The first aim of this proof-of-concept study was to determine the feasibility to obtain two groups of participants with ankle pathology with or without residual pain during walking to investigate the effect of clinical pain on motor learning. We anticipated some challenges related to the study of musculoskeletal pain. As expected, some were identified, notably the fact that one third of participants could not be included in either the Pain or No Pain group due to the intermittent nature of their pain. It is hard to predict how painful a given task will be for the participants and to address this challenge in future studies, a larger sample size should be planned to account for the exclusion rate. Moreover, a minimal level of pain at inclusion should be considered as an inclusion criterion i.e., using an auto administered questionnaire, to attempt to minimize the exclusion rate.The BPI score has been shown to discriminate among musculoskeletal levels of condition severity, future studies should explore if a minimal BPI score could be used as an inclusion criterion to ensure the presence of pain during the task and determine the minimal BPI scores that correlate the presence of pain during locomotor tasks [37]. We also aimed to determine the feasibility to obtain two similar groups of participants with isolated ankle pathology in terms of baseline characteristics, because several factors other than pain may alter motor learning (i.e., time since the injury, stiffness, muscle atrophy, joint degeneration) [6, 38,39,40]., In the present study, we compared participants’ age, gender, height, mass, number of days since the injury, maximal dorsiflexion ROM and dorsiflexor maximal strength. We did not identify any significant difference between the two groups, which could be explained by the small sample size. However, our results suggests that it is feasible to obtain two similar musculoskeletal groups to investigate the effect of pain on motor learning while controlling for other variables.

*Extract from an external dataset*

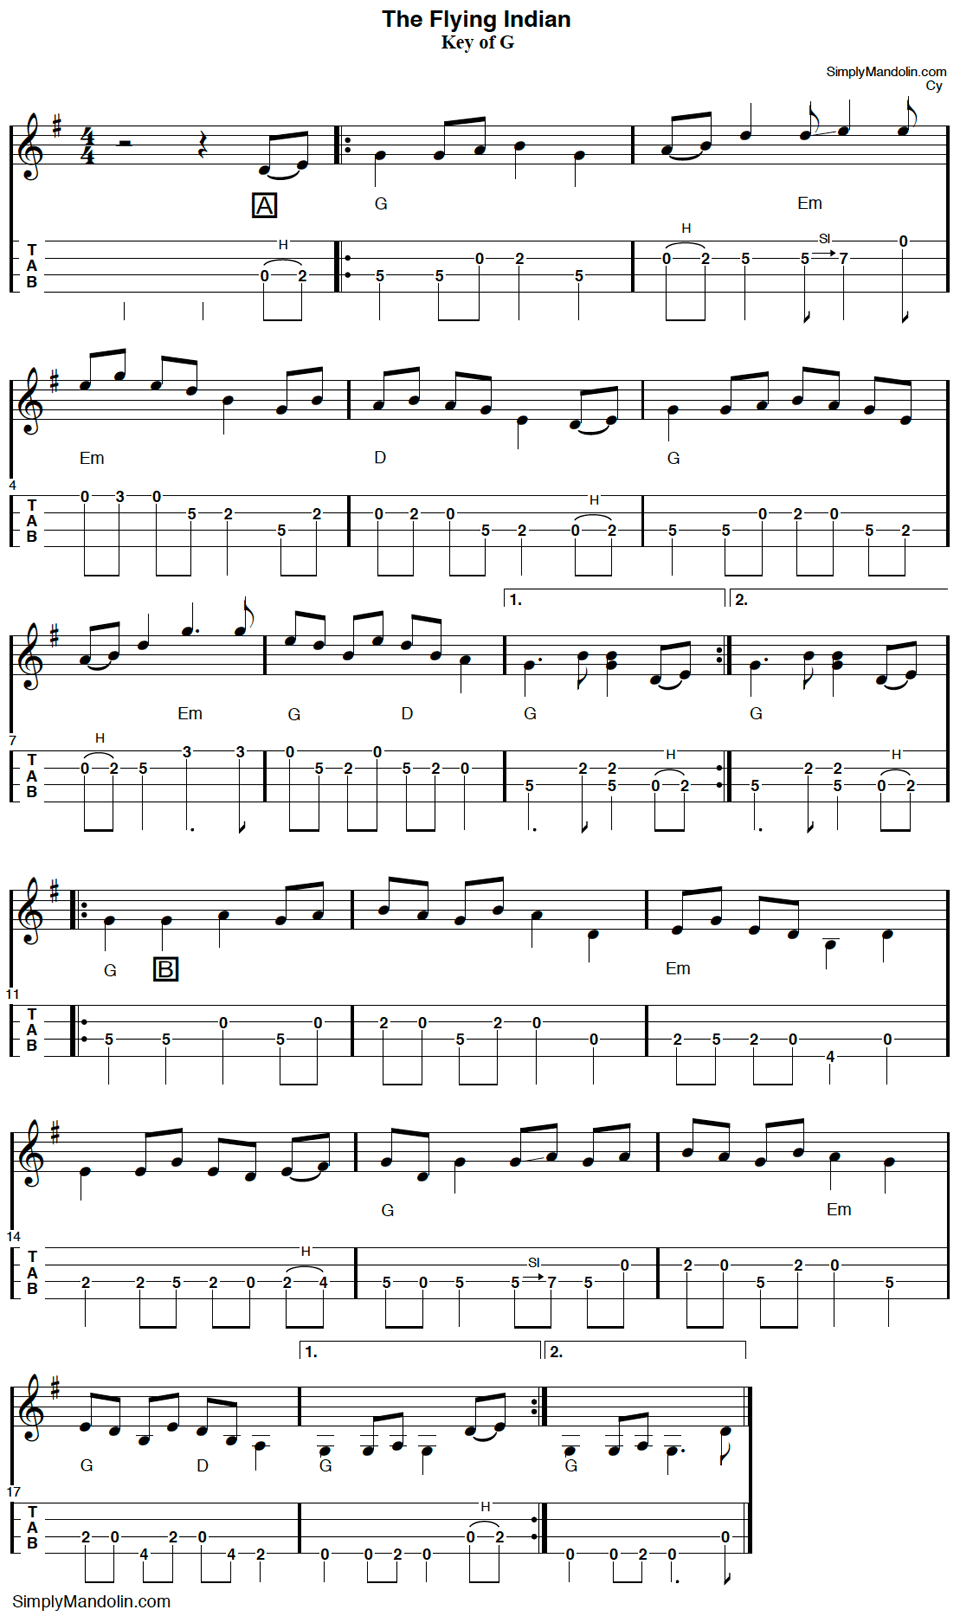 image of mandolin tab & music for the old time fiddle tune "The Flying Indian".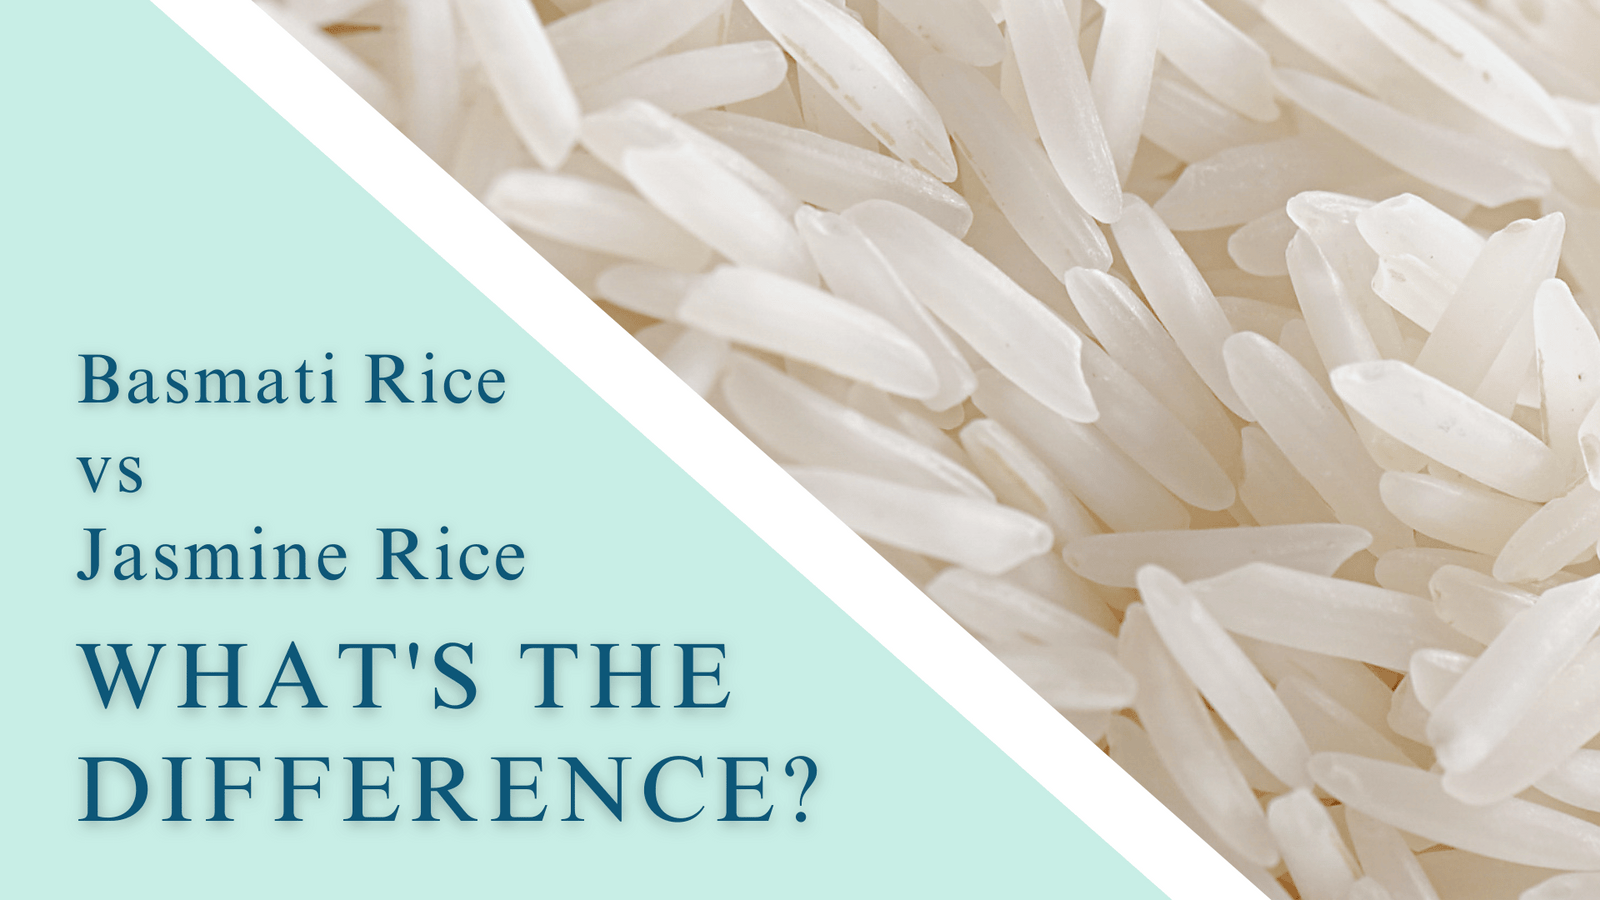 Basmati Rice vs Jasmine Rice - What's the Difference?

Impact of clinical musculoskeletal pain on motor acquisition and retention

The second objective of this study was to determine the influence of clinical musculoskeletal pain on motor learning performance and strategy. According to our results, musculoskeletal pain has no influence on global learning performance. Both groups showed motor learning by decreasing their Mean absolute error between the Early and Late stage and between Day 1 and Day 2. This is in accordance with similar results of two previous studies on experimental pain and locomotor learning [10, 15]. In both studies, and using the same gait adaptation task as in the current study, Bouffard et al. [10, 15] reported that both groups (i.e., participants receiving experimental pain vs no pain) showed similar Mean Absolute Error improvements over Time and Days. The few studies that have investigated motor learning and musculoskeletal pain also concluded that motor learning is preserved despite the presence of pain [11,12,13]. However, we can question whether motor learning in injured people is similar to that in healthy people, because looking at the Relative Treatment Effects (RTE), the lack of difference in motor learning between the two groups may be due to a lack of power. Indeed, small Main Effects were detected (Time effect RTE .44, n = 34 / Day effect RTE .43, n = 34), but small interactions were not (Group x Time RTE .43-.62, n = 18 and 16 / Group x Day RTE .39-.60, n = 18 and 16) [36]. In addition to the high exclusion rates, this supports the inclusion of a larger sample size when studying clinical population.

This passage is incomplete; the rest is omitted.